Die Tiefen der Stadt erinnern uns manchmal daran, dass sie lebendig sind, und beschließen gelegentlich, plötzlich unter unseren Füßen nachzugeben. Genau das passierte am vergangenen Mittwochmittag an der unsichtbaren Grenze zwischen dem Barcelonaer Stadtteil Vallbona im Bezirk Nou Barris und Montcada i Reixac. Ein Anschlussschacht der Bauarbeiten zur Untertunnelung der Linie R2 stürzte nach einem lauten Knall plötzlich ein und verursachte ein Loch, das schließlich einen Schwerlastkran und verschiedene schwere Maschinen verschluckte. Das akustische Warnsignal reichte aus, damit sich die Arbeiter rechtzeitig in Sicherheit bringen konnten, sodass der spektakuläre Unfall zwar ohne Verletzte ablief, aber enorme Auswirkungen auf den Stadtalltag hatte.
Einen halben Tag nach dem Schreck richten sich alle Blicke auf den Untergrund, um zu verstehen, was schiefgelaufen ist. Wie Adif der Stadtverwaltung von Barcelona mitteilte und wie der Stadtrat von Nou Barris, Xavier Marcé, erklärte, deutet die Haupthypothese auf das Vorhandensein von Grundwasser in diesem Bereich hin. Dieses natürliche Phänomen hätte eine Bodenbewegung ausgelöst, der die Pfeiler der Stützmauer nicht standhalten konnten.
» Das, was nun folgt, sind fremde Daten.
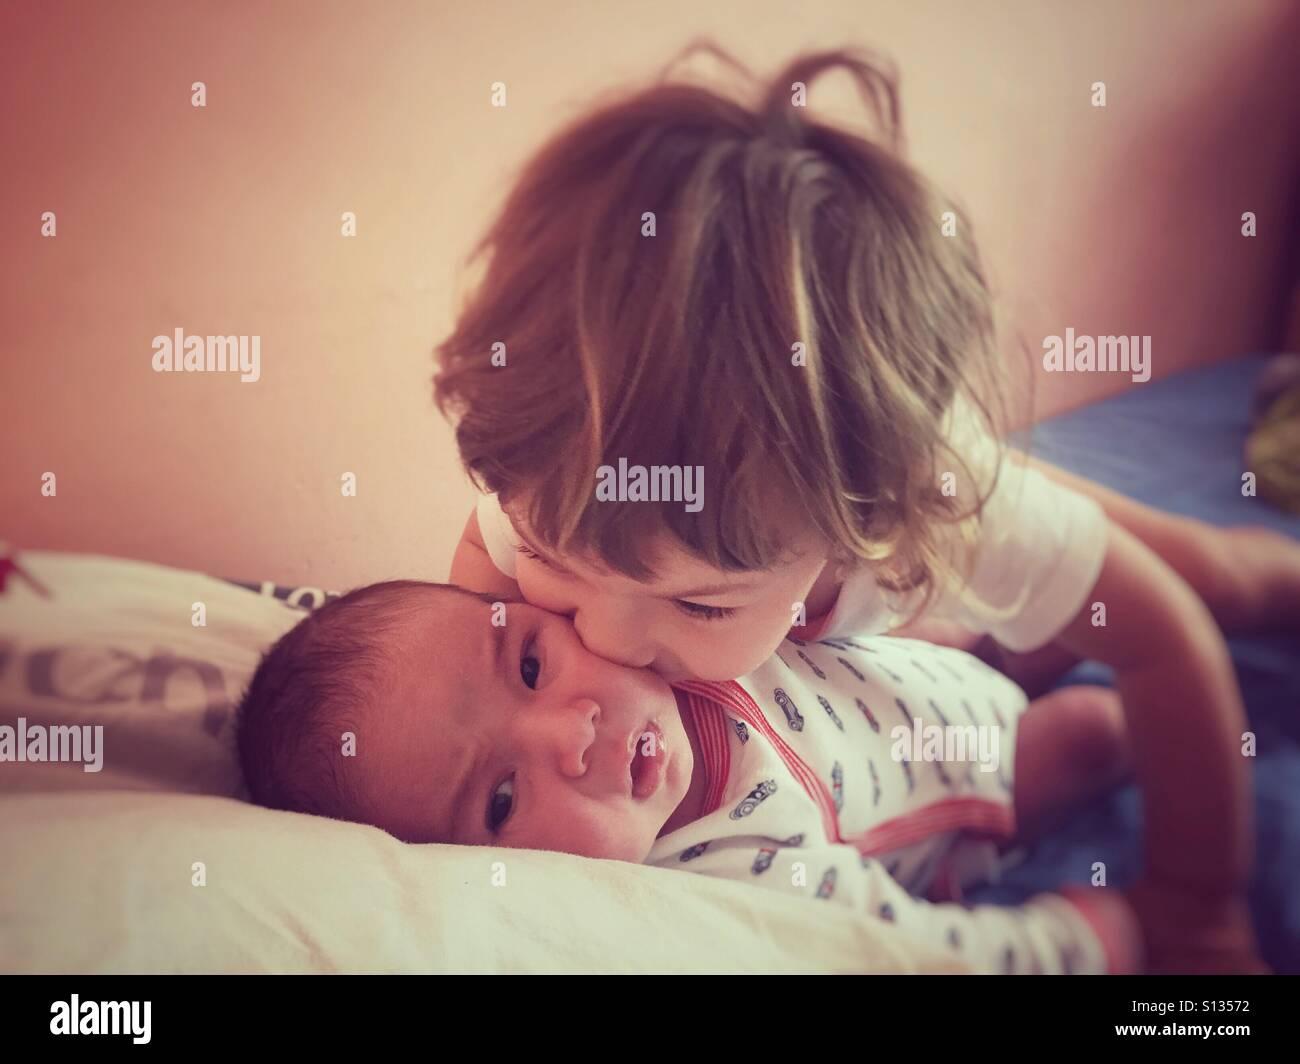 Suor baciare il fratello Foto Stock

Während die Techniker gegen die Zeit arbeiten und das Loch mit Beton auffüllen, um den Boden zu stabilisieren, sehen sich Tausende von Fahrgästen mit einer unbefristeten Zugunterbrechung konfrontiert, die die Geduld derer auf die Probe stellt, die jeden Morgen auf den Zug angewiesen sind.
Das Rätsel um die Züge
Der Einsturz hat dazu geführt, dass der Zugverkehr zwischen Montcada i Reixac und Sant Andreu „auf unbestimmte Zeit“ eingestellt werden musste, was die Linien R2, R2 Nord und R11 voll trifft. Um diese Lücke im täglichen Nahverkehr zu schließen, hat Renfe seit diesem Donnerstag eine Umleitung eingerichtet:
- Die Züge der Linien R2 und R2 Nord, die aus dem Norden (Maçanet-Massanes) kommen, beenden ihre Fahrt in Montcada i Reixac. Von dort aus müssen die Fahrgäste etwa fünf Minuten zu Fuß gehen, um in die Linie R4 umzusteigen, die sie nach Barcelona Sants bringt.
- Auf der Südseite starten die Züge der Linien R2 und R2 Nord in Richtung Flughafen und Castelldefels direkt vom Bahnhof Sant Andreu aus.
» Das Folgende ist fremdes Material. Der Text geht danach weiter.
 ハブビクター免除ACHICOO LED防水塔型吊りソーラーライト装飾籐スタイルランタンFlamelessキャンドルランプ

- Für die Fahrgäste der R11 fährt der Zug normalerweise bis Granollers Centre. Von dort aus bringt ein direkter Busdienst sie nach Sant Andreu Comtal, der auf die Zugfahrpläne abgestimmt ist. Außerdem können diese Fahrgäste zwischen Sant Andreu und Montcada auf die R2 umsteigen.
- Wer aus Girona und Figueres anreist, hat als Alternative die Avant-Züge in Barcelona Sants, die zusätzliche Plätze und Informationspersonal bereitgestellt haben, um die Nachfrage zu bewältigen.
Zement und Sensoren, um das Loch zu schließen
Obwohl der Schreck riesig war, rufen die Behörden zur Ruhe auf. Arturo Pastor, stellvertretender Baudirektor bei Adif, bestätigte, dass nach der Absicherung des Bereichs die aktuellen Arbeiten darauf ausgerichtet sind, ununterbrochen Beton einzupumpen, um die Höhle zu verschließen. „Wir wissen nicht, wie groß das Loch ist“, räumte der technische Leiter ein und bestätigte gleichzeitig, dass die Häuser, die dem Einsturz am nächsten liegen – im Stadtteil Vallbona –, keinerlei Risse davongetragen haben.
Um weitere Zwischenfälle zu vermeiden und auf Empfehlung der Feuerwehr von Barcelona hin werden vor Ort Überwachungen mit Sensoren durchgeführt. Adif hat sich verpflichtet, alle 24 Stunden Berichte zu erstellen, um etwaige Anomalien oder neue Bodenbewegungen rechtzeitig zu erkennen und so die Ruhe der Anwohner zu gewährleisten – eine absolute Priorität, wie Stadtrat Marcé betont hat.